Beyond the Baseband: Adaptive Multi-Band Encoding for Full-Spectrum Bioacoustics Classification

arXiv cs.LG / 5/1/2026

📰 NewsModels & Research

Key Points

  • The paper addresses a key limitation in computational bioacoustics: many systems inherit 16 kHz, 0–8 kHz baseband audio pretraining and therefore discard ultrasonic-range information present in animal recordings.
  • It proposes an adaptive multi-band encoding framework that splits the full call spectrum into frequency-band features and fuses them into a single representation for classification.
  • Experiments using eight pre-trained models across three bioacoustic datasets (with five fusion strategies) show that fused representations typically outperform baseband and time-expansion baselines on two datasets.
  • The authors’ analyses indicate that some encoders generate decorrelated band embeddings, which helps class separation after the fusion step.

Abstract

Animals hear and vocalize across frequency ranges that differ substantially from humans, often extending into the ultrasonic domain.
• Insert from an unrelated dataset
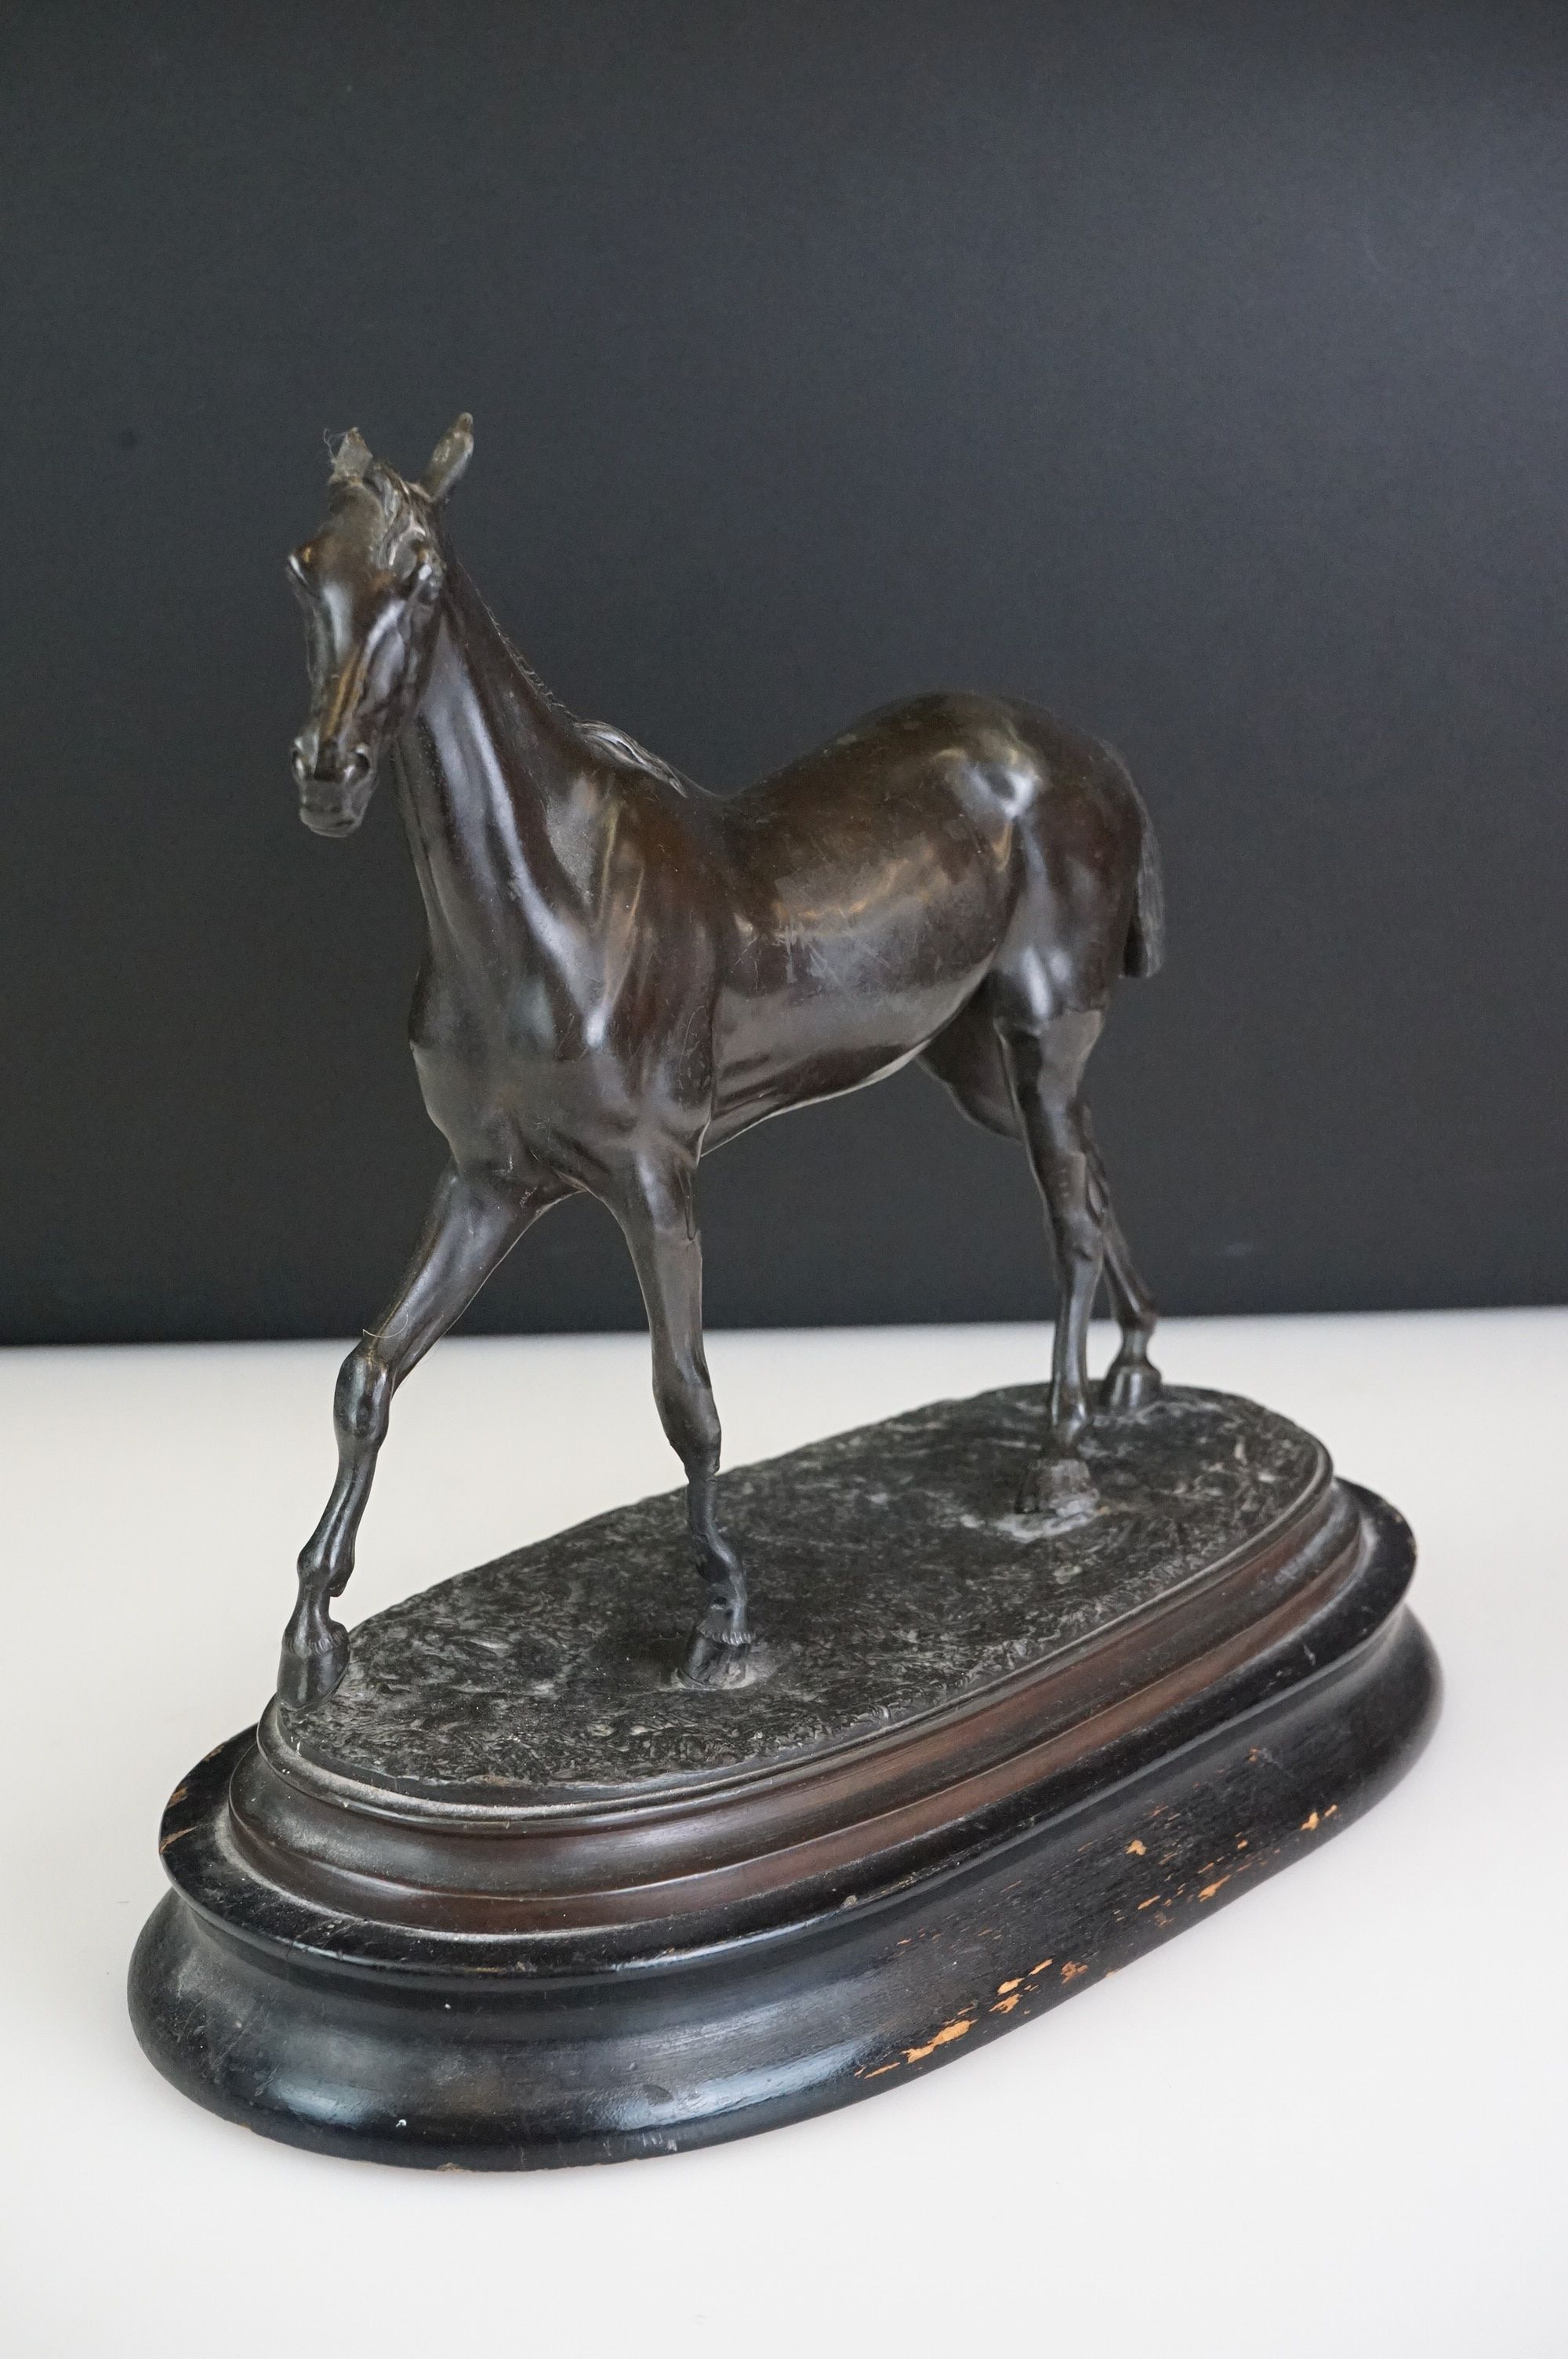 Spelter figure of a horse mid-stride, mounted on a wooden base, approx 27cm high - Image 2 of 5

Yet most computational bioacoustics systems rely on audio models pre-trained at 16 kHz, restricting their usable bandwidth to the 0-8 kHz baseband and discarding higher-frequency information present in many bioacoustic recordings. We investigate a multi-band encoding framework that decomposes the full spectrum of animal calls into band features and fuses them into a unified representation. Similarity analyses on models show that certain encoders produce decorrelated band embeddings that improve class separation after fusion. Classification experiments on three bioacoustic datasets using eight pre-trained models and five fusion strategies show that fused representations consistently outperform the baseband and time-expansion baselines on two datasets, showing the potential of multi-band methods for full-spectrum encoding of animal calls.